The whole listing is to be written out again exactly; the pictures are not.

- DATASET SECTION -
|---|

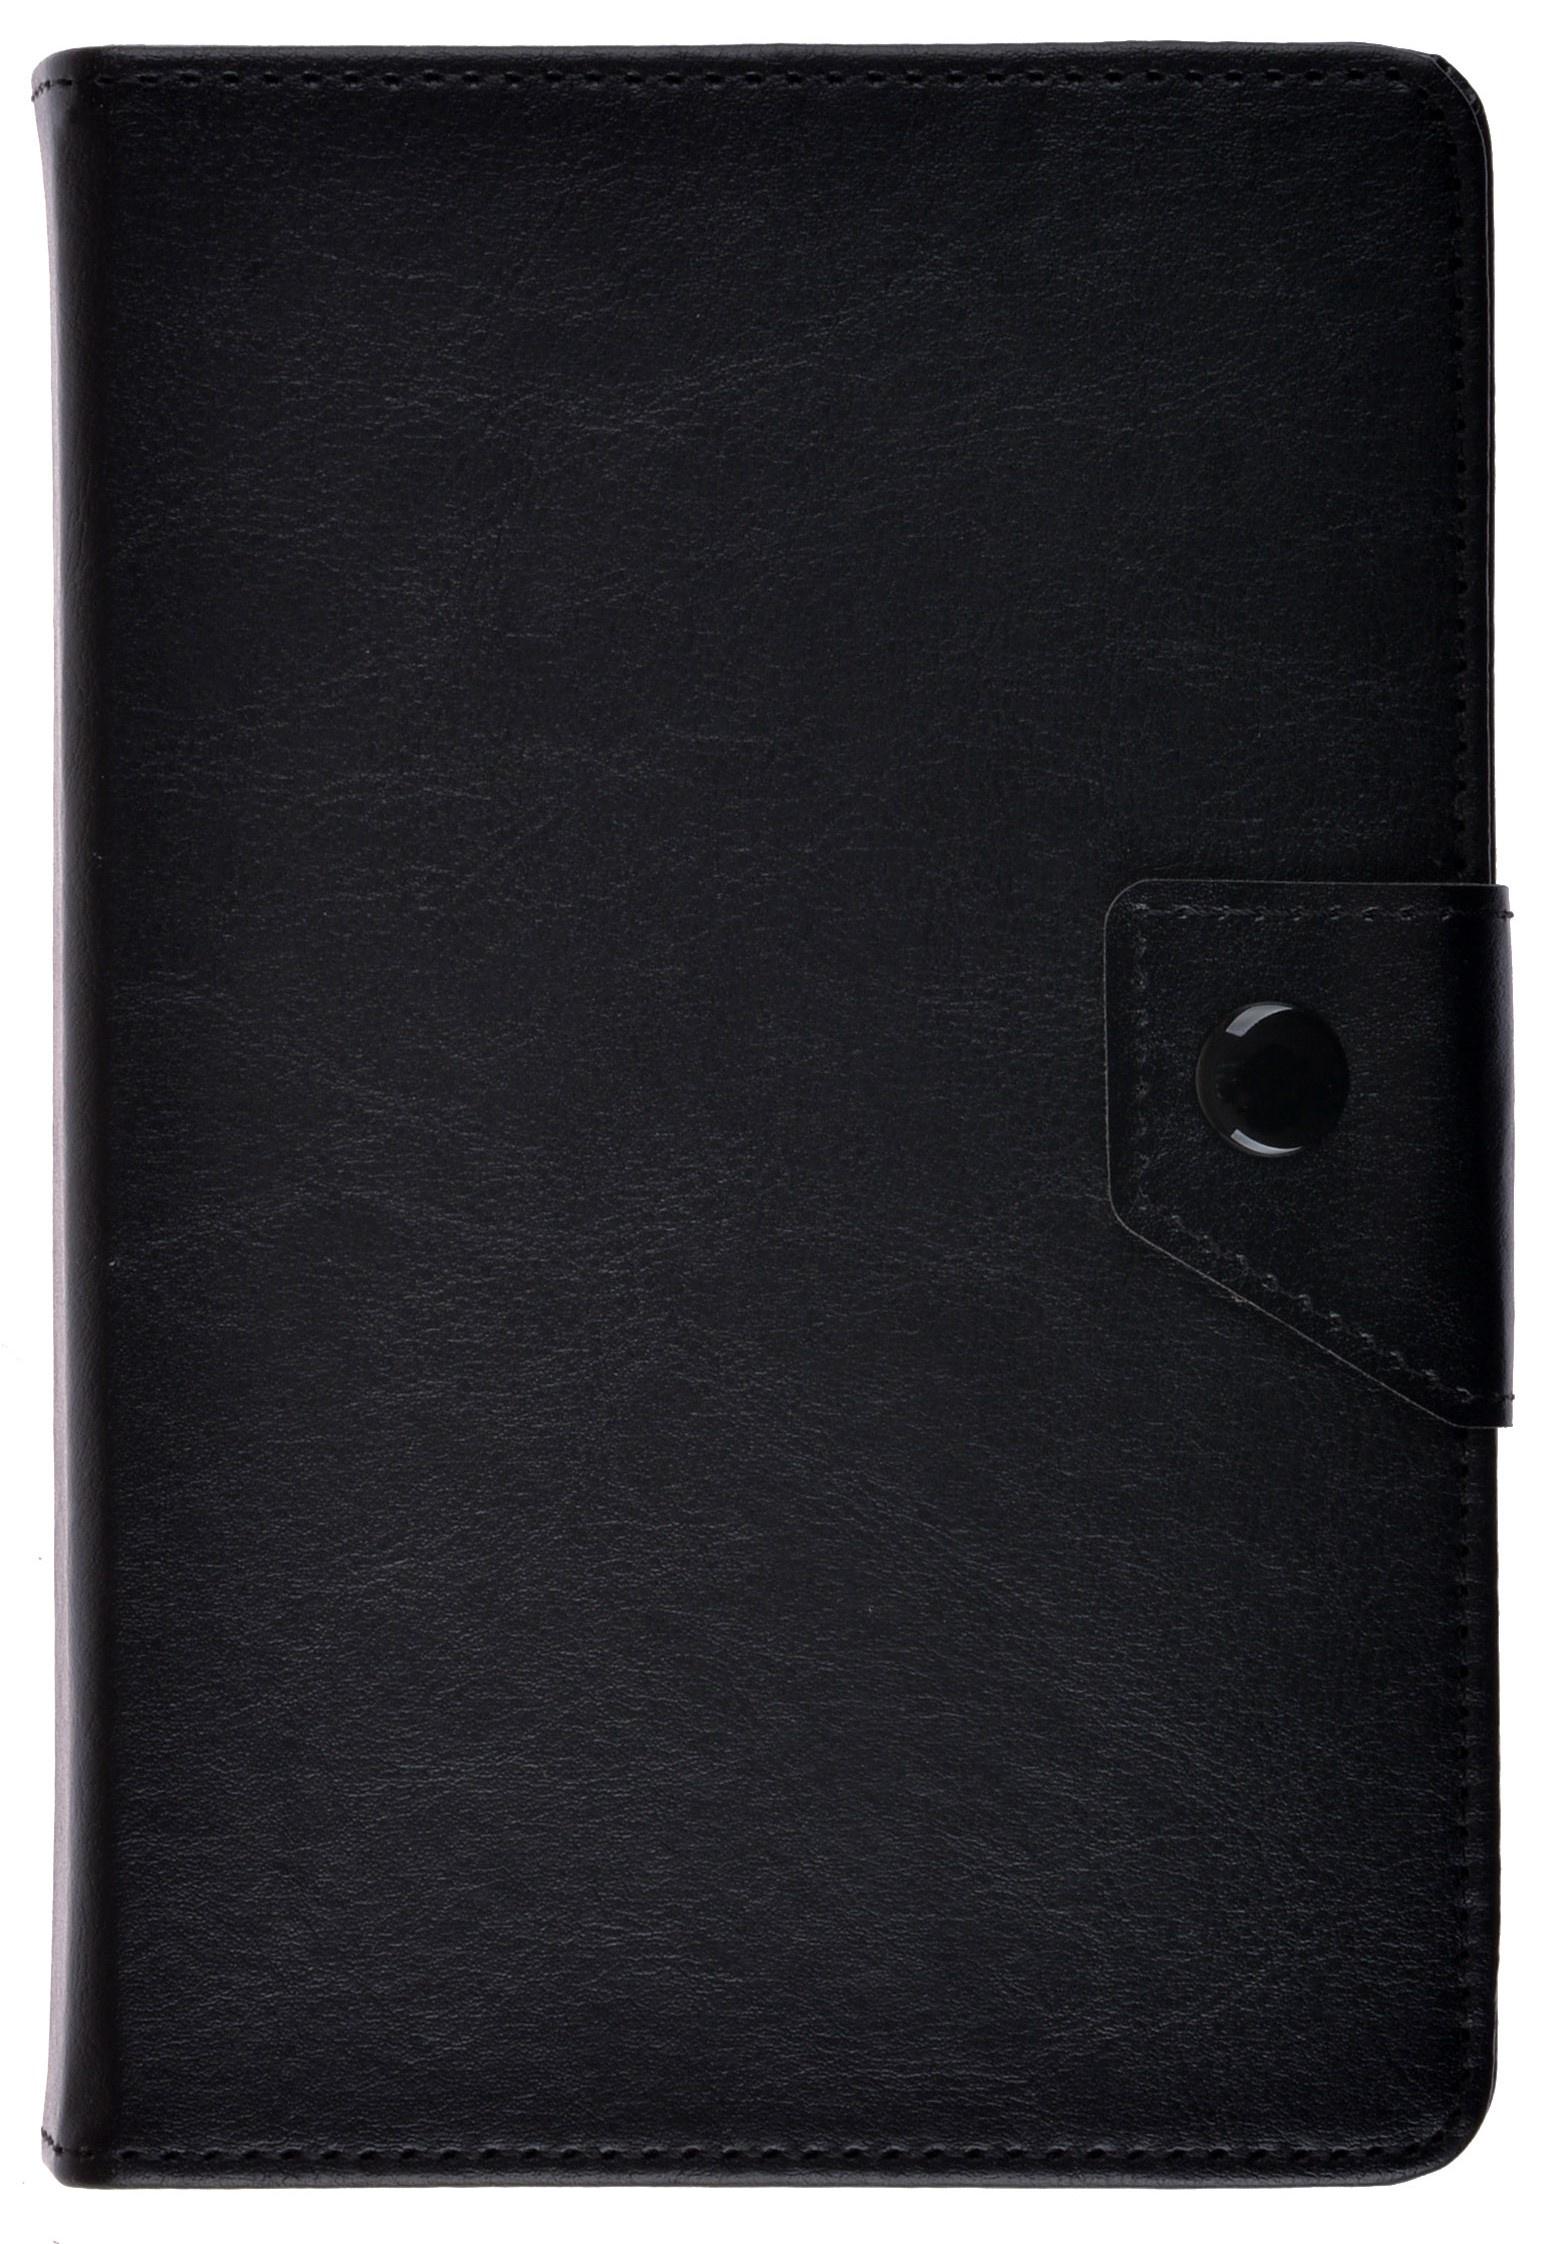 Чехол для планшета ProShield Standard slim clips 7, 4660041409536, черный cross case чехол универсальный slim 7
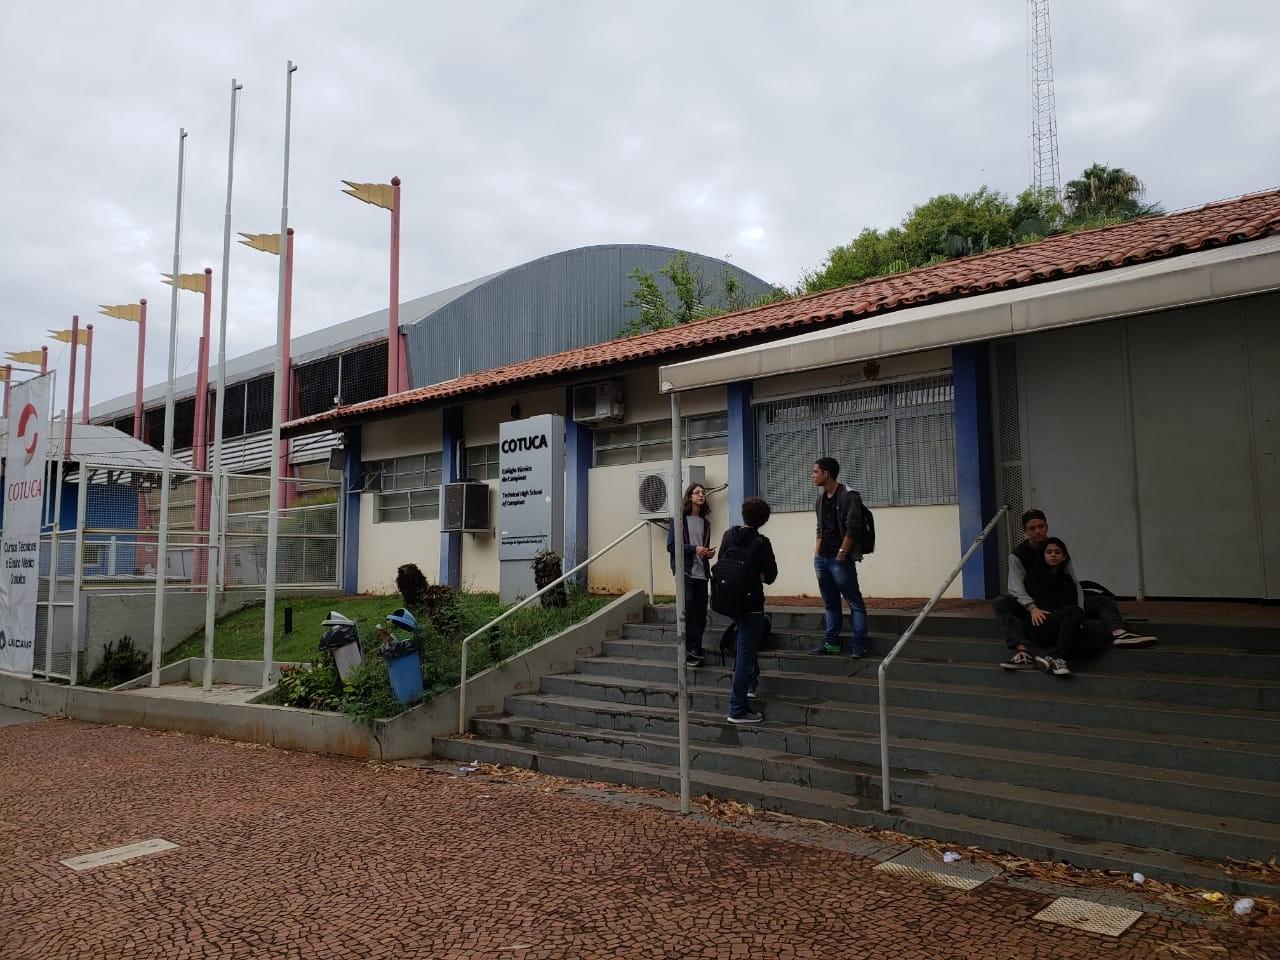 Colégio da Unicamp usa câmeras para buscar autor de bilhete racista e homofóbico contra professor
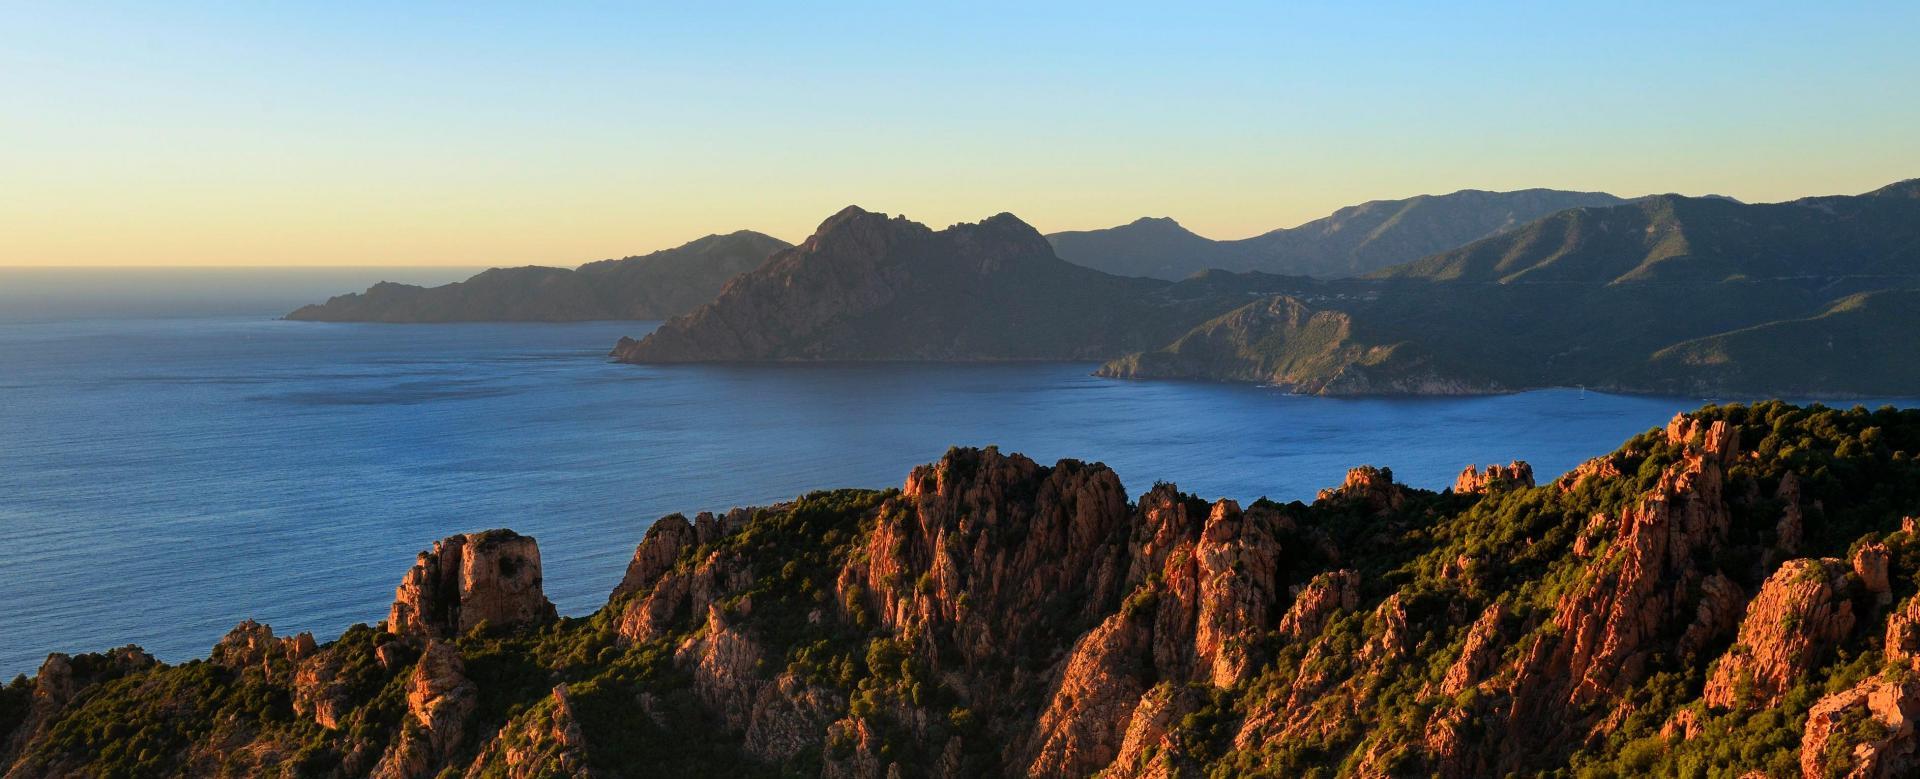 Voyage à pied : Corse : Mare e monti

|---|

- YOUR RESPONSE -
 Чехол для планшета ProShield Standard slim clips 7, 4660041409536, черный cross case чехол универсальный slim 7
 Colégio da Unicamp usa câmeras para buscar autor de bilhete racista e homofóbico contra professor
 Voyage à pied : Corse : Mare e monti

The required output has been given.